We are enjoying it at the moment, so we can examine it at leisure, appreciate it, savor it. Those like Frédéric Passy, Charles Richet and Anatole France have sung its praises to us in different ways. That’s the theory for you. Alas! Down here in the real world, theory and practice are two different things. Peace, as they picture it, is a pretty blonde girl with a big smile... a little silly? They are careful not to show what is hiding behind it: Barracks, Prisons, Hospitals and Whorehouses. Their peace!

But its order, their bloody order, that Thiers reinstated by shooting the federates of the Commune and that Clemenceau supports with the precious pageant of Narbonne cuirassiers and Draveil police. The bourgeoisie peace requires that you respect the established laws for it, that you suffer hunger and oppression for it; and when you transgress their will, they bring back peace with whips, swords and rifles... The social peace condemns the workers for one word or one gesture of disobedience; it imprisons the journalists who speak too freely; it mercilessly hunts down the uncontrollable and stubborn. Under the pacifist bullets the proletariats have fallen many a time. And Ferrer. And so many of ours in Russia or Japan have died on the pacifist gallows!
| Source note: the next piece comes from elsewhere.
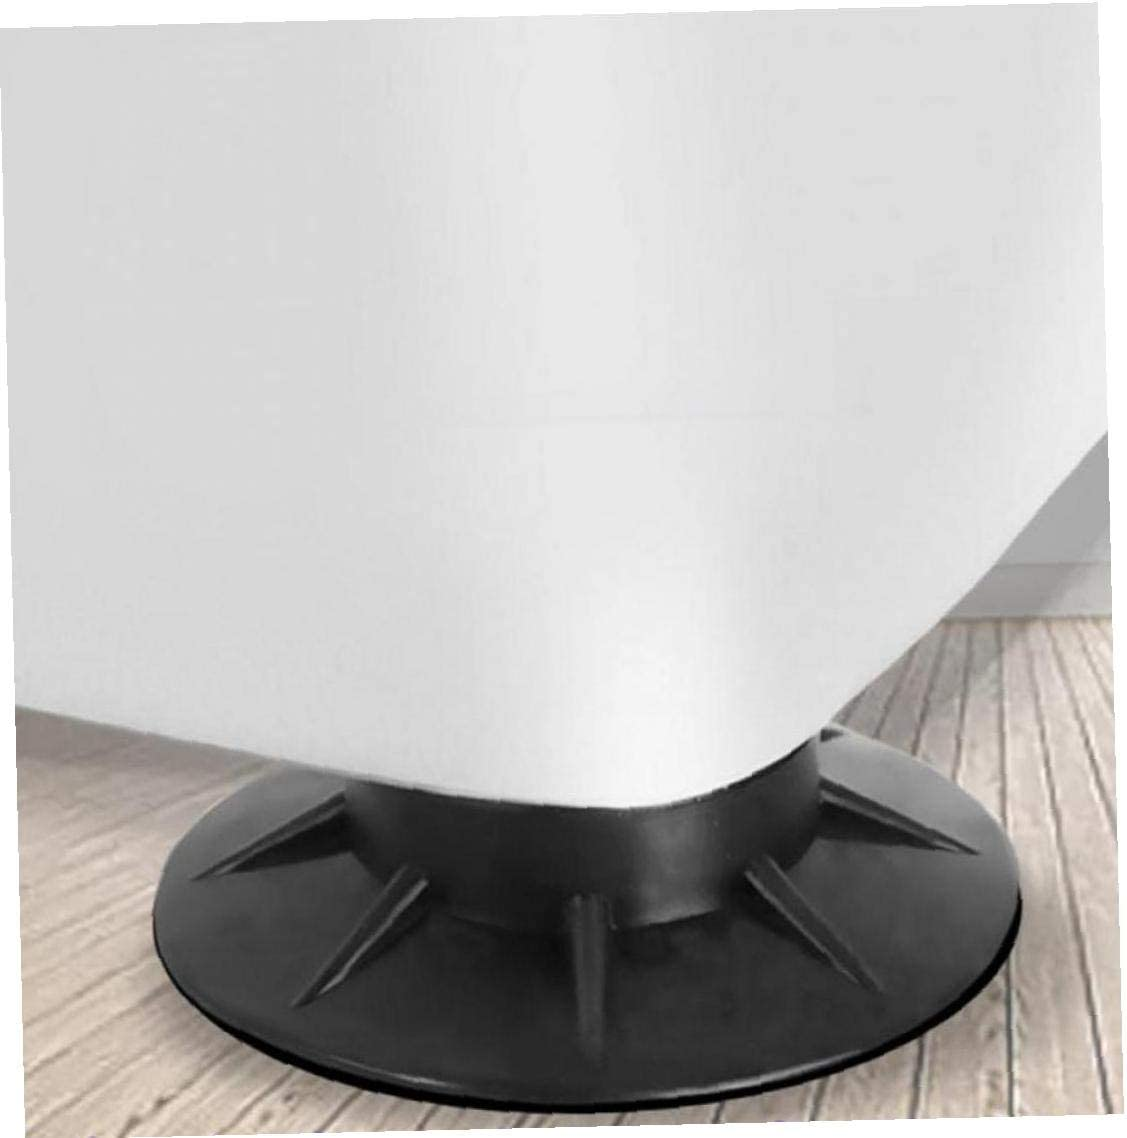 Bontand 4 Pcs Floor Mat Elasticity Furniture Anti Vibration Protectors Rubber Feet Pads for Refrigerator Chair Cushion Pad Furnitures Anti Slip Pad

That’s what is called ‘moral’ or political order.

It is completed by the economic peace. In other words: respect for property, respect for the owner, servility before the rich, honesty. Here are the factories where they kill children, where they destroy people by overwork and sickness. Here are the poor sections of the big cities, areas that reek, where there is a perfect harmony of Alcoholism, Tuberculosis and Syphilis.

And here, right next door, is the Palace of Money, shrewd master that everything bows to. Economic peace! Translate: prostitution, famine, degeneration...

Ah, our wonderful pacifists have got balls when they show us the dreadful account of war. Napoleon (they teach us) cost Europe five million human lives. We would like to know how many lives are sacrificed everyday in their peace!

Let them tell us how many children have been killed in their glass and textile factories in the north. How many workers have been murdered by occupational illness, deprivation — misery? Let them try to show us the account of happiness, of life, of joys peacefully crushed in the institutional gears of Authoritative Capitalism!

We want to judge their peace in full knowledge!

* * *

Their peace is as murderous as war. It is a peace of death. It requires as much blood and sweat and human flesh to build the fortunes of Rothschild, Bunau Varilla, Pereire et Cie as it does to make up the empires of the most insane conquerors.

Weren’t there once made little hypocritical wars in which the cowards knocked each other down like traitors? One against all — all against one: that’s the summary of the stupid struggle of men against each other. All the brutalities and social forces have been united against each individual. Public opinion watches him, maliciously. His fellowmen — his competitors — lie in wait for the slightest mistake to jump on him. The laws enslave him; the strongest exploit him; the weakest hate him.

Pitiless war between employees and owners, between the German and French peddlers, between Potin and Damoy, between the red politician and his adversary.

They bad-mouth, they slander, they accuse, under their breath. Then blind Law steps in and destroys the loser. While the winners congratulate themselves with sweet and gentle words.

War, armies in collision, the undisguised, brutal mass murderer, is worse, no doubt. But the peace today is vile, absurd and criminal.

We deny war because we love life deeply. For the same reason we want no more of this peace. On both sides we find ourselves among death even though all our strength, our hopes, our will aspires toward life!

And it is in the name of this — in the name of our life first of all! — that we rebel against the rule of pacifist hypocrisy and warlike brutality. Our existence would be so beautiful if it weren’t for the nefarious stupidity of the masters and slaves!

Therefore, it is in spite of them that from now on we want to make our lives beautiful. Let our revolt tend toward this: to live according to our thoughts, freely, intelligently, fraternally: among ourselves, at least, to establish a true peace that will make us stronger and happier.